The problems are systematically arranged to reveal the evolution of concepts and ideas of the subject Includes various levels of problems - some are easy and straightforward, while others are more challenging All problems are elegantly solved

**Author**: M. Ram Murty,Jody Esmonde

**Publisher:** Springer Science & Business Media

**ISBN:** 0387221824

**Category:** Mathematics

**Page:** 352

**View:** 3731

It has become clear that problem solving plays an extremely important role in mathematical research. This book is a collection of about 500 problems in algebraic number theory. They are systematically arranged to reveal the evolution of concepts and ideas of the subject. For this new edition the authors have added a new chapter and revised several sections.

**Author**: Henri Cohen

**Publisher:** Springer Science & Business Media

**ISBN:** 3662029456

**Category:** Mathematics

**Page:** 536

**View:** 733

A description of 148 algorithms fundamental to number-theoretic computations, in particular for computations related to algebraic number theory, elliptic curves, primality testing and factoring. The first seven chapters guide readers to the heart of current research in computational algebraic number theory, including recent algorithms for computing class groups and units, as well as elliptic curve computations, while the last three chapters survey factoring and primality testing methods, including a detailed description of the number field sieve algorithm. The whole is rounded off with a description of available computer packages and some useful tables, backed by numerous exercises. Written by an authority in the field, and one with great practical and teaching experience, this is certain to become the standard and indispensable reference on the subject.
*A Genetic Introduction to Algebraic Number Theory*

**Author**: Harold M. Edwards

**Publisher:** Springer Science & Business Media

**ISBN:** 9780387950020

**Category:** Mathematics

**Page:** 410

**View:** 9138

This introduction to algebraic number theory via "Fermat's Last Theorem" follows its historical development, beginning with the work of Fermat and ending with Kummer theory of "ideal" factorization. In treats elementary topics, new concepts and techniques; and it details the application of Kummer theory to quadratic integers, relating it to Gauss theory of binary quadratic forms, an interesting connection not explored in any other book.

**Author**: Ian Stewart

**Publisher:** Springer

**ISBN:** 9780412138409

**Category:** Science

**Page:** 257

**View:** 3539

The title of this book may be read in two ways. One is 'algebraic number-theory', that is, the theory of numbers viewed algebraically; the other, 'algebraic-number theory', the study of algebraic numbers.

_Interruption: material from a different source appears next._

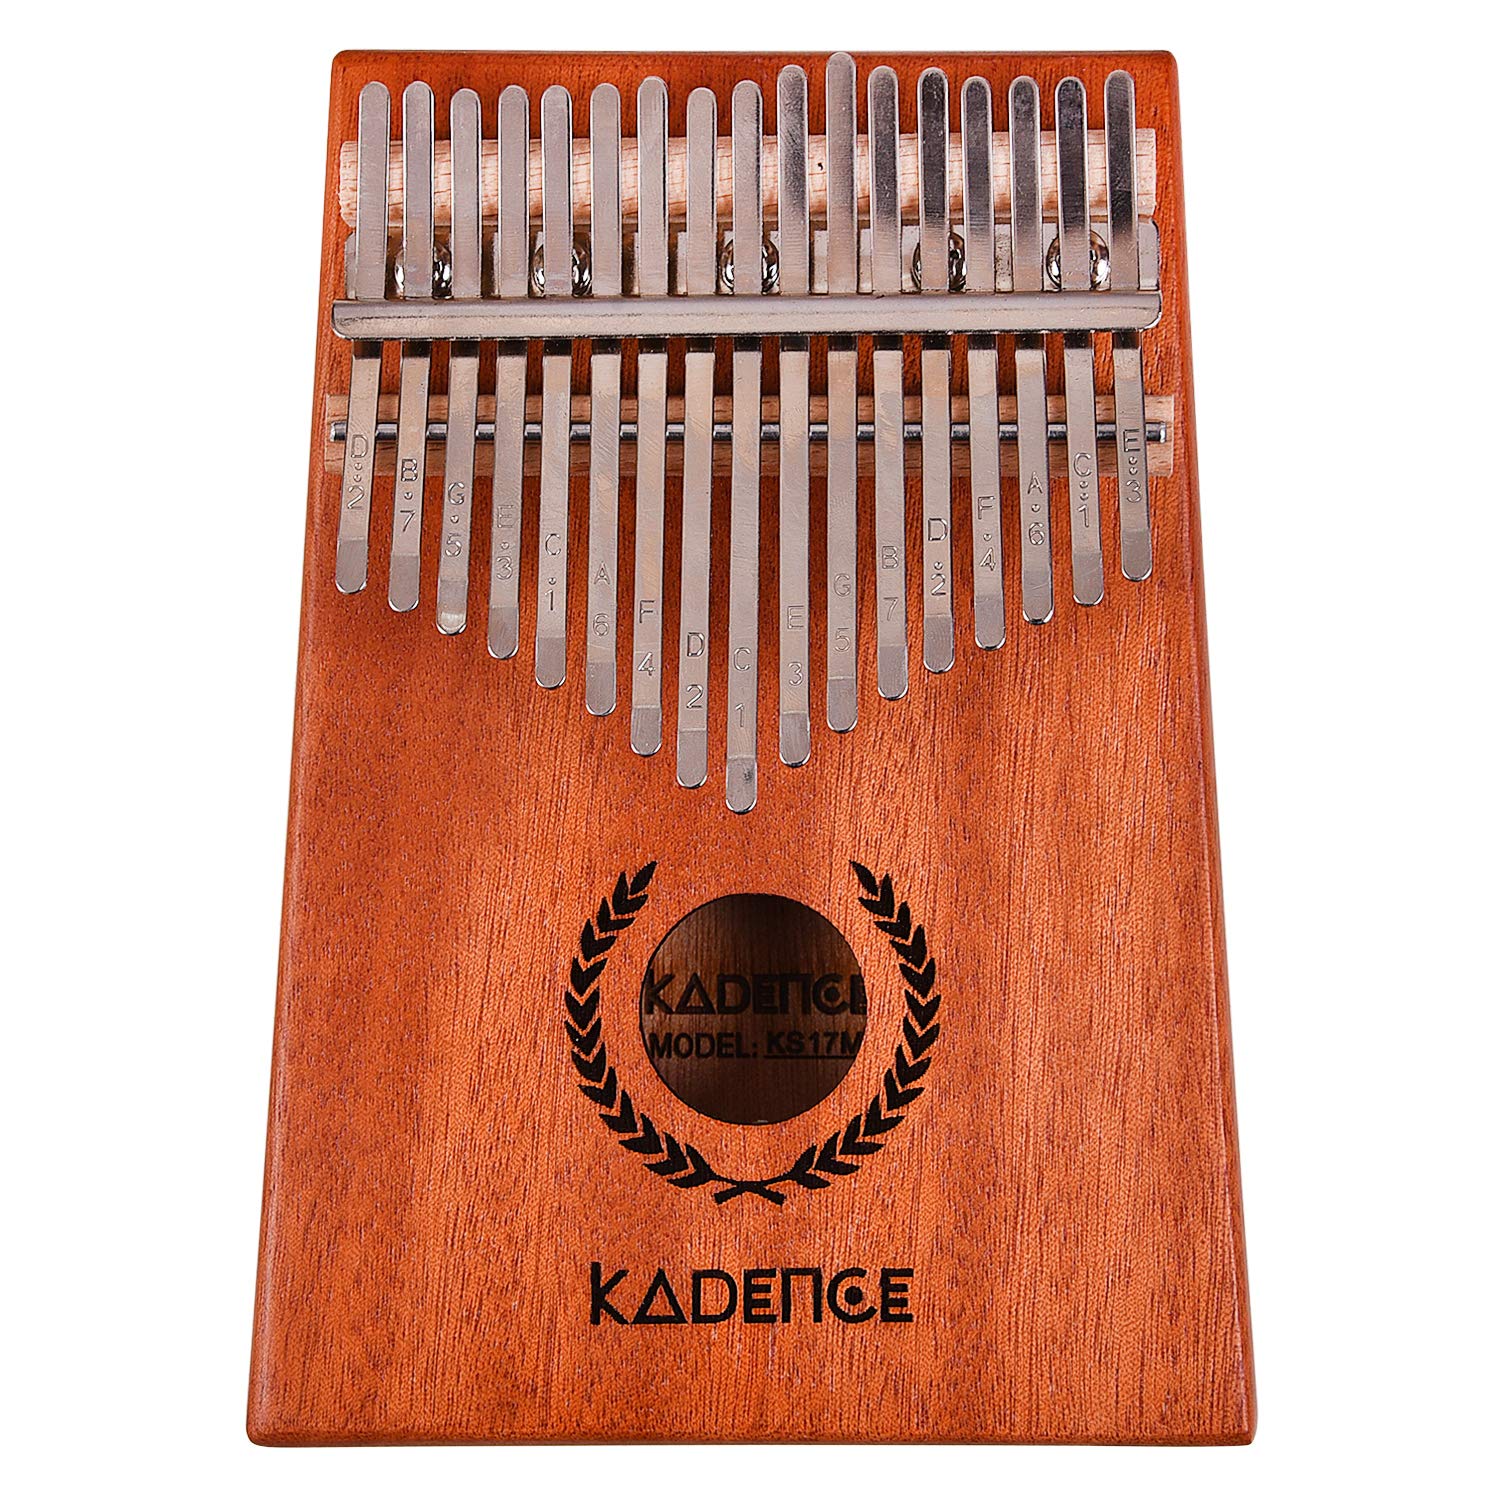 Kalimba bag xylophone Double row thumb piano 24keys professional vibraphone  Musical instrument portable key board marimba Padauk

Both readings are compatible with our aims, and both are perhaps misleading. Misleading, because a proper coverage of either topic would require more space than is available, and demand more of the reader than we wish to; compatible, because our aim is to illustrate how some of the basic notions of the theory of algebraic numbers may be applied to problems in number theory. Algebra is an easy subject to compartmentalize, with topics such as 'groups', 'rings' or 'modules' being taught in comparative isolation. Many students view it this way. While it would be easy to exaggerate this tendency, it is not an especially desirable one. The leading mathematicians of the nineteenth and early twentieth centuries developed and used most of the basic results and techniques of linear algebra for perhaps a hundred years, without ever defining an abstract vector space: nor is there anything to suggest that they suf fered thereby. This historical fact may indicate that abstrac tion is not always as necessary as one commonly imagines; on the other hand the axiomatization of mathematics has led to enormous organizational and conceptual gains.

**Author**: U.S.R. Murty

**Publisher:** Springer Science & Business Media

**ISBN:** 0387723498

**Category:** Mathematics

**Page:** 506

**View:** 5590

This informative and exhaustive study gives a problem-solving approach to the difficult subject of analytic number theory. It is primarily aimed at graduate students and senior undergraduates. The goal is to provide a rapid introduction to analytic methods and the ways in which they are used to study the distribution of prime numbers. The book also includes an introduction to p-adic analytic methods. It is ideal for a first course in analytic number theory. The new edition has been completely rewritten, errors have been corrected, and there is a new chapter on the arithmetic progression of primes.

**Author**: Robert B. Ash

**Publisher:** Courier Corporation

**ISBN:** 0486477541

**Category:** Mathematics

**Page:** 112

**View:** 7164

This text for a graduate-level course covers the general theory of factorization of ideals in Dedekind domains as well as the number field case. It illustrates the use of Kummer's theorem, proofs of the Dirichlet unit theorem, and Minkowski bounds on element and ideal norms. 2003 edition.

**Author**: Henri Cohen

**Publisher:** Springer Science & Business Media

**ISBN:** 1441984895

**Category:** Mathematics

**Page:** 581

**View:** 1741

Written by an authority with great practical and teaching experience in the field, this book addresses a number of topics in computational number theory. Chapters one through five form a homogenous subject matter suitable for a six-month or year-long course in computational number theory. The subsequent chapters deal with more miscellaneous subjects.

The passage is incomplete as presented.